Sunday, 19 October 2025

Reviews: Azell, Argesk, GraveRipper, Moundrag (Mark Young, Spike, GC & Rich Piva]

Azell - Astralis (Rottweiler Records) [Mark Young]

Space sludge madness is back!!

Having reviewed Death Control last year and giving it a healthy 8/10, I was very happy indeed when the boss dropped this into my folder. With Astralis, Azell have gone down the concept route with an accompanying novella where each chapter corresponds with a song from the album and is described by them as a throwback to the pulp novels of years gone by. 
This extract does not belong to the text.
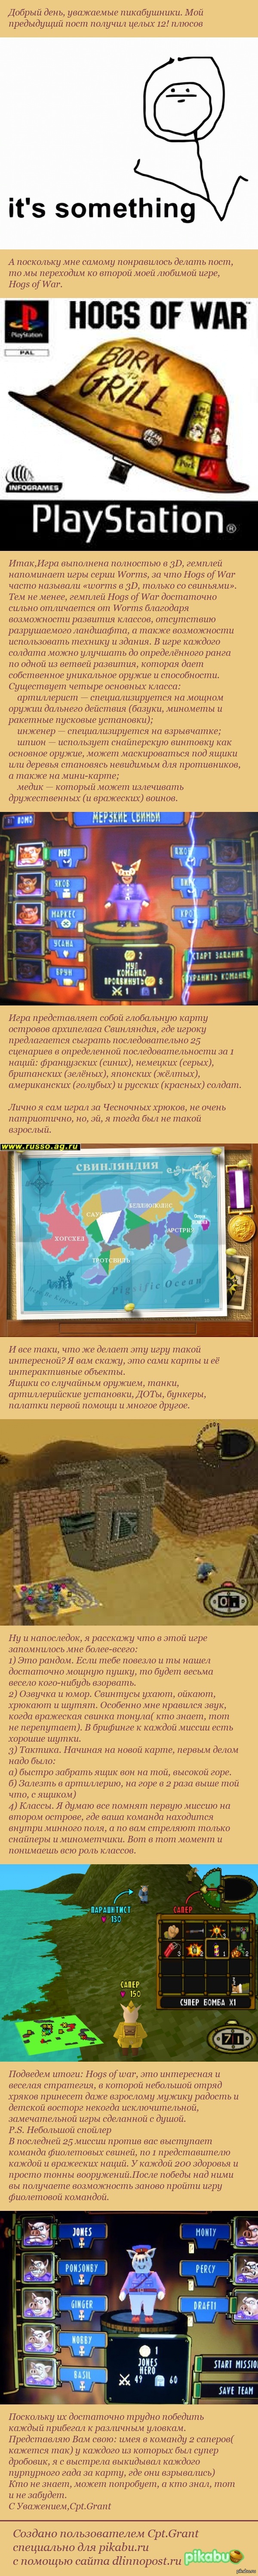        PS1, Hogs of War     <a href="http://pikabu.ru/story/byila_i_ostaetsya_isklyuchitelno_khoroshey_igroy_3001582">http://pikabu.ru/story/_3001582</a>

With transparency in mind, I haven’t read the novella (yet) because I wanted to hear the songs and see if they can tell a story in a cohesive manner and stand on their own two feet. I wanted to listen and ultimately make a decision based on the songs alone. What I can say is that if were down with Death Control then you will be down with this. This time round they have refined their sound without moving too far from what made me love them in the first place. Those super-dense riffs are still here, generated by a guitar sound that could split solid rock aided and abetted by Courtney Napier’s vocals that are just savage.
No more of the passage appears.